READER WARNING: Content and photos in this post may be considered graphic by some individuals.
I remember the day, April 9, 2012.
I had spent the last 10 months to the day wedding planning. The excitement was both thrilling and overwhelming while trying to balance a full-time job and planning what everyone believes to be one of the biggest days in your life.
I woke up just like any other morning to go to work. I followed the normal, day-to-day routine. I showered. I dressed myself in a collared shirt and slacks. I put on make up. I brushed my wet hair.
My hair wasn’t laying right. I mean, I have strange hair that does its own thing, so I just needed to tousle it so it would not look like a cowlick. And then I noticed it.
…A round showing of skin about the size of a quarter on top of my head
I thought I had brushed my head too hard and pulled some hairs out. No clumps in the brush. I thought there might have been gum, or a huge tangle, or a culprit that pulled it out. No clumps on the ground.
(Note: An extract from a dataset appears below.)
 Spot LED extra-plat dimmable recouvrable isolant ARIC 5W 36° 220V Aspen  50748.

There wasn’t anything wrong with me, right? Do I have cancer? Did I roll on it in my sleep and yank it out? No clumps in the bed. Did I accidentally and sleepily run my razor on my head during my shower? No clumps in the shower.
It didn’t hurt. It was straight bald. There were not the usual prickles of hair that had been broken off or shaved.
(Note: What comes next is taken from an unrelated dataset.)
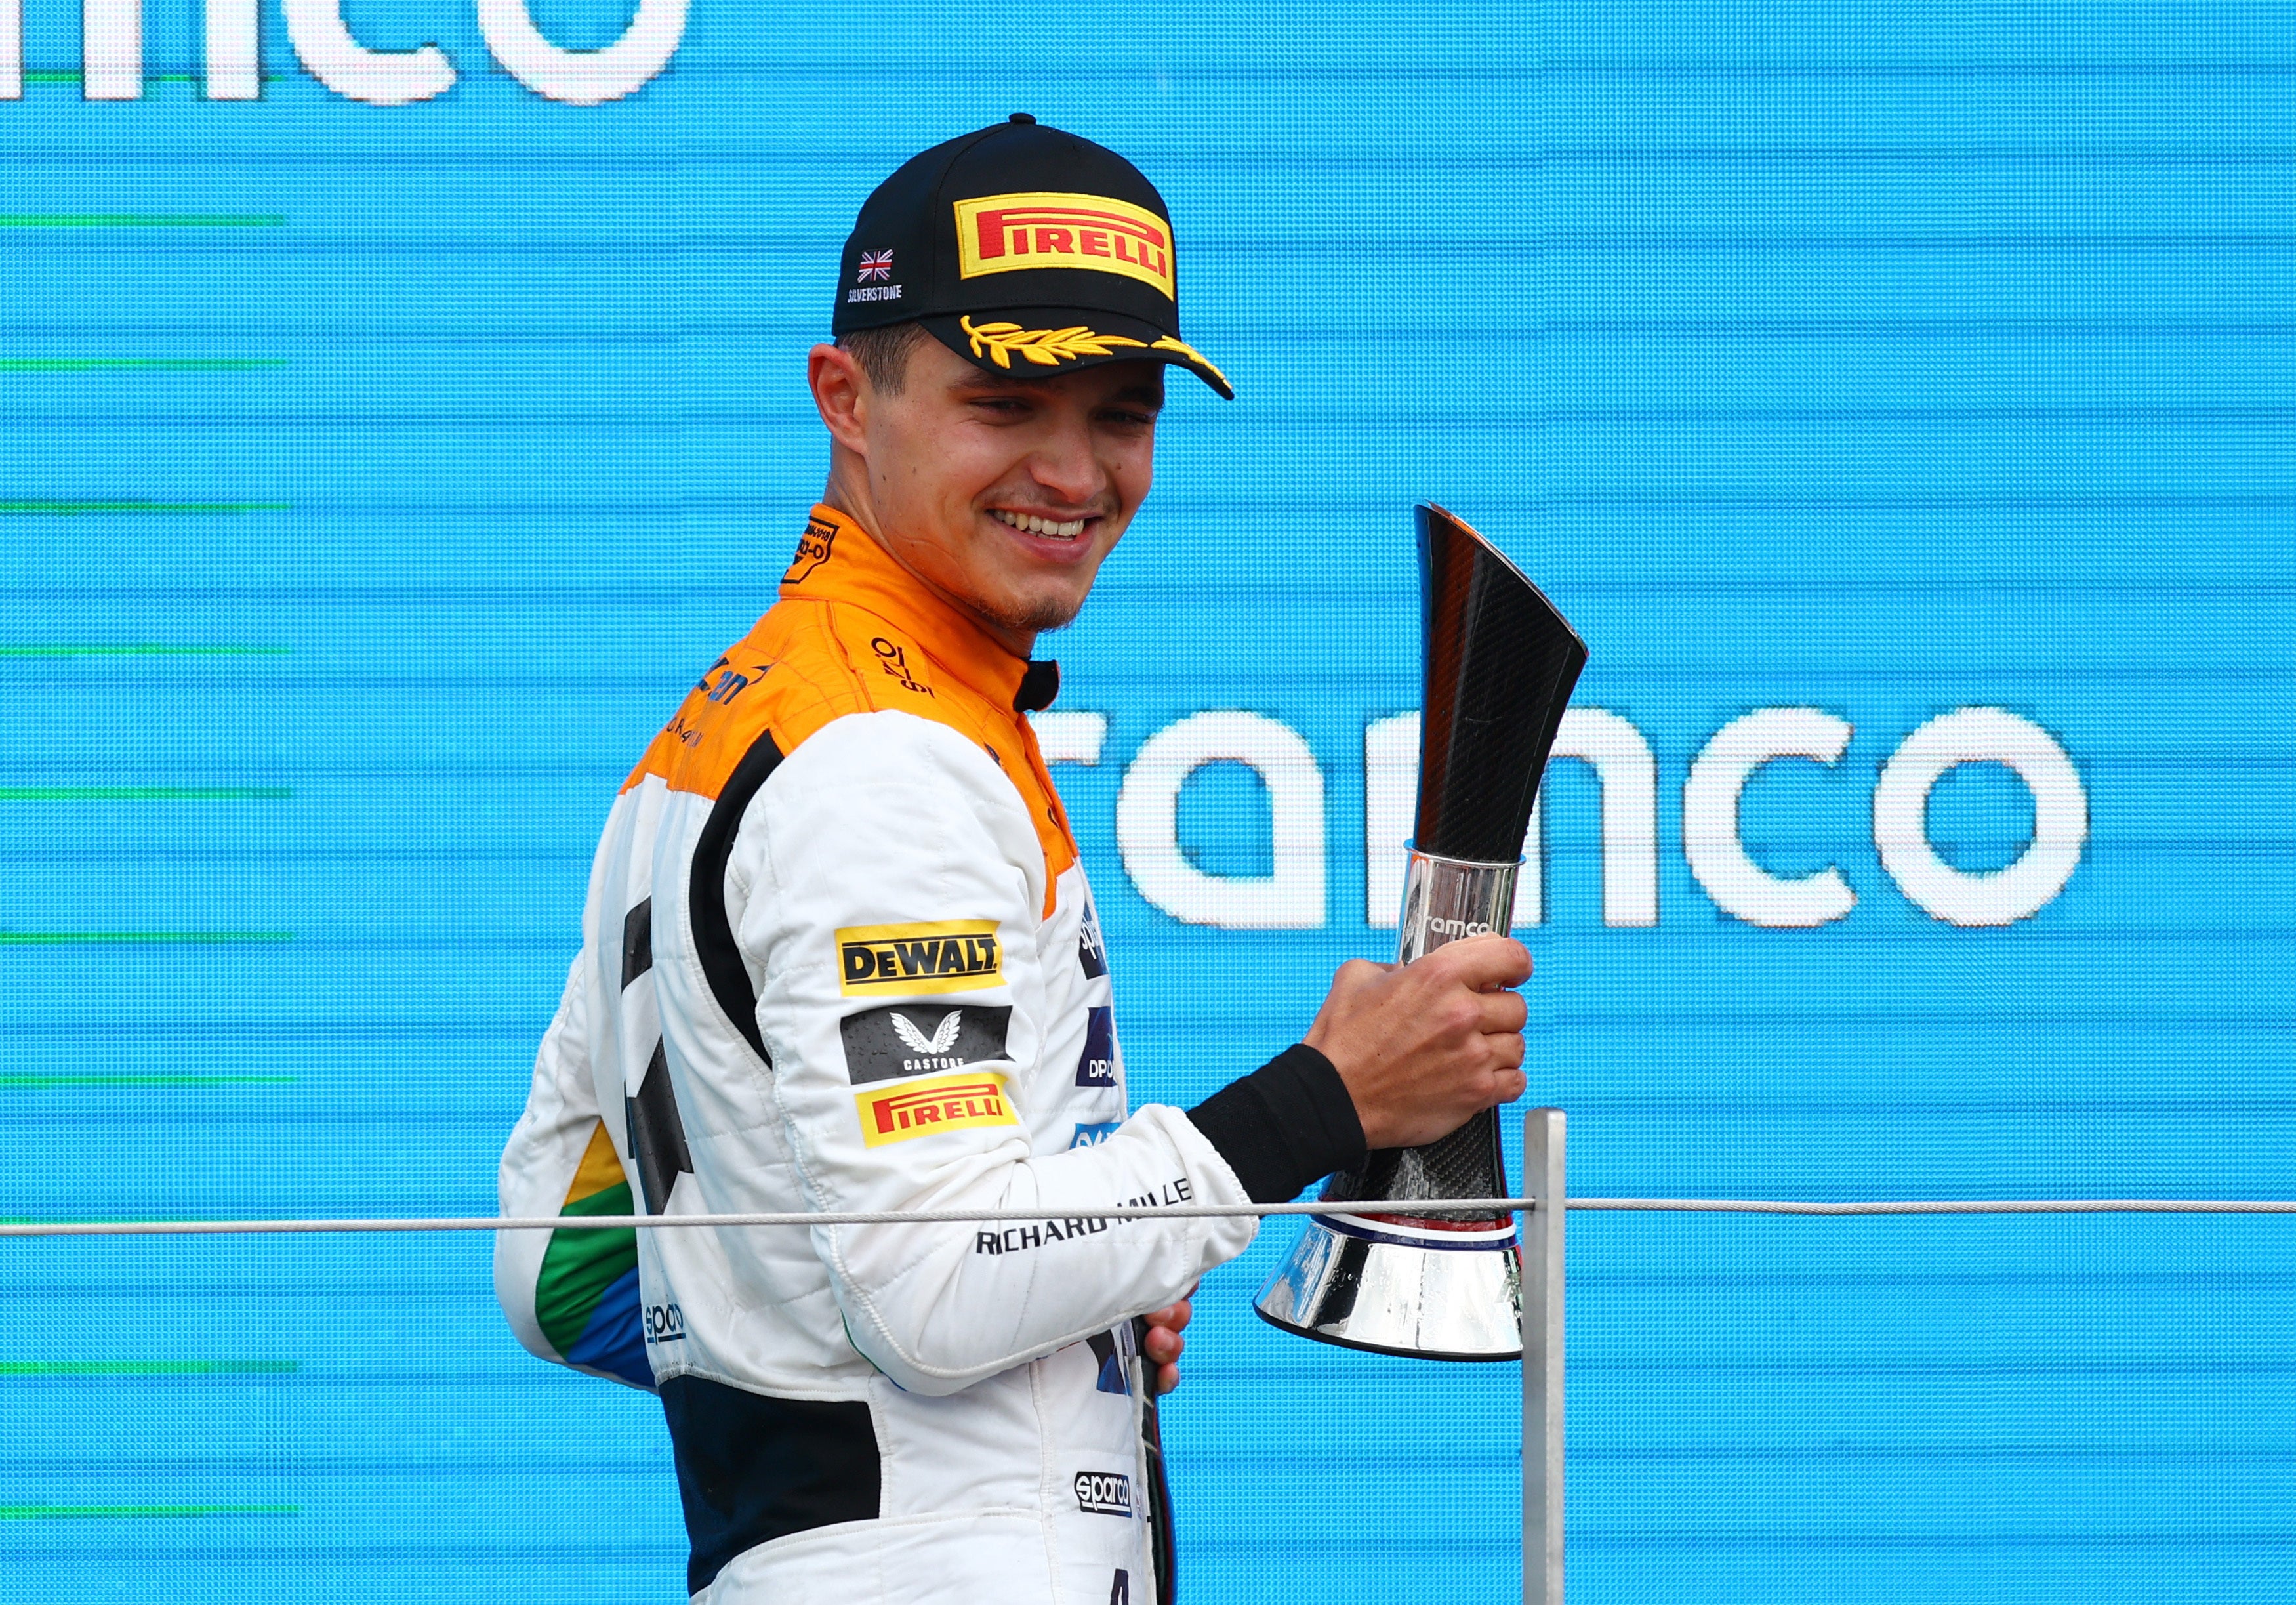 After a second place finish at Silverstone speculation is increasing over Lando Norris’ future

With tears in my eyes, I told my fiance. He told me not to worry. He was probably right.
How do you get a bald spot in the middle of your head? I brushed my hair back and pulled it in a ponytail at the back of my head, covering the spot.
It was nothing, right? I went through every scenario on my way to work like a typical hypochondriac. I wasn’t crazy, right? I touched my head. Yep, it’s still there.
When I arrived at work, I’m pretty sure I told everyone out of shock and paranoia that someone might notice it. I mean, it was a bald spot in the middle of my head that anyone would notice if my hair slipped away from it.
What in the world could this be? During my lunch break I took the above picture. I sent it to my dad in a text message saying,”I guess I got a bald spot lol.” But in reality, I was afraid.
I couldn’t tell the difference between laughing about it and crying. I didn’t know whether to laugh or cry.
I couldn’t stay off of Web MD at work. If you’ve ever been on the website, you probably know exactly what it pulled up when I searched random bald spot. EVERYTHING!
Researching didn’t help. I couldn’t find comfort in myself. I struggled to find comfort in everyone else’s opinions and thoughts.
“Go to the doctor,” they said. “It’s probably wedding stress,” they said. I couldn’t decide what to do.
So I did nothing.
It hurt my heart. With a smile on my face I laughed about it, but on the inside I struggled to hold back the tears. What happened? What did I do? Was it the shampoo? Was it something I ate? Did it just fall out?
My wedding was in five months. This would be fixed, right? This is all just a dream, right?
I couldn’t sleep that next night. I contemplated what I should do.